I am pleased to unveil the first three pictures of the Aquadive BS100 Bronze (brown dial, crown and strap/ buckle). I hope that you're as amazed as I am. Again, thank you all for your continued support.

Without further ado...

Aquadive BS100 Bronze


----------



## W. C. Bartlett

Well done!!!!!!!


----------



## Beano

Phew! I'm a happy watch fan tonight..

Thanks for posting the pics Ariel.

Beano


----------



## Eric L.

She's a beauty!


----------



## bobabreath

Simply stunning! It seems the brown parts are very dark, almost black which I think looks great!

Will this version have a lumed pip on the bezel?


----------



## Spring-Diver

Looks great!!!.....please make a BS300 Bronze with green dial:-!

Cheers
Shannon


----------



## JayVeeez

Wow! For a tool type watch, that is a looker!


----------



## Eray

Really nice brown, and really nice use of the really nice brown.


----------



## arutlosjr11

bobabreath said:


> Simply stunning! It seems the brown parts are very dark, almost black which I think looks great!
> 
> Will this version have a lumed pip on the bezel?

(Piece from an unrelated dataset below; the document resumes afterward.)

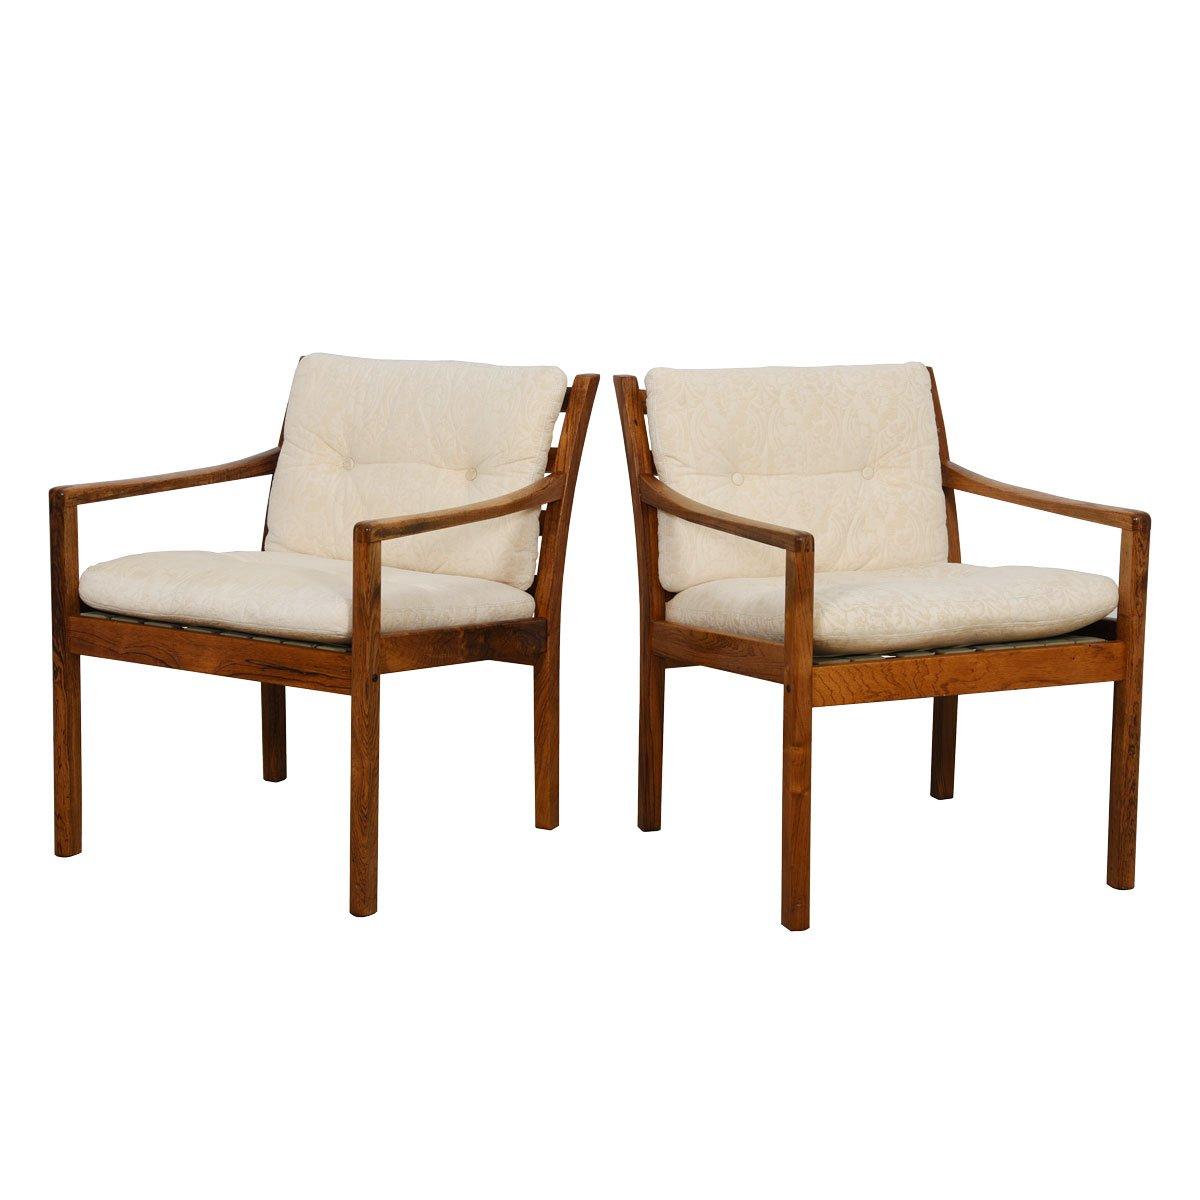 Pair of danish modern rosewood lounge chairs

Yes, this one (and all new versions of the BS100) will have lumed pips...


----------



## jefnando

thats one sweeeeeet watch... love the bronze, love the isofrane


----------



## Tony A.H

Beautiful.


----------



## Cowbiker

Like it. I'm in.
:-!


----------



## PloProf Pimp

Brown version and Bronze case back for me! Can't wait!!


----------



## arutlosjr11

PloProf Pimp said:


> Brown version and Bronze case back for me! Can't wait!!


After pondering this dilemma a bit, I'm going with the same combo.


----------



## Dimitris

Wow! I can't wait. Looks better in real life.
I hope for a happy Easter.

Regards
Dimitris


----------



## Lew

congrats  nice watch


----------



## Kermit e Froggy

Wow man! I'm late but e final product got me excited! Loves e caramel on chocolate combination! Truly a unique combo for Aquadive ya". Well done Aquadive team (",) but I'm in dilemma now...


----------



## arutlosjr11

Ok. I'll bite. What is your dilemma?


----------



## Kermit e Froggy

arutlosjr11 said:


> Ok. I'll bite. What is your dilemma?


Dilemma over the choice of Ss comeback or bronze caseback. That's ny headache now n frankly I'm thrilled over the pictures of the Bs100 front shots! both looks really gd if $permits, I will order both Bs100 in one bronze brown bronze caseback n bronze black Ss caseback!


----------



## skin diver

Spring-Diver said:


> Looks great!!!.....please make a BS300 Bronze with green dial:-!
> 
> Cheers
> Shannon


 A green dial.. that would be amazing.


----------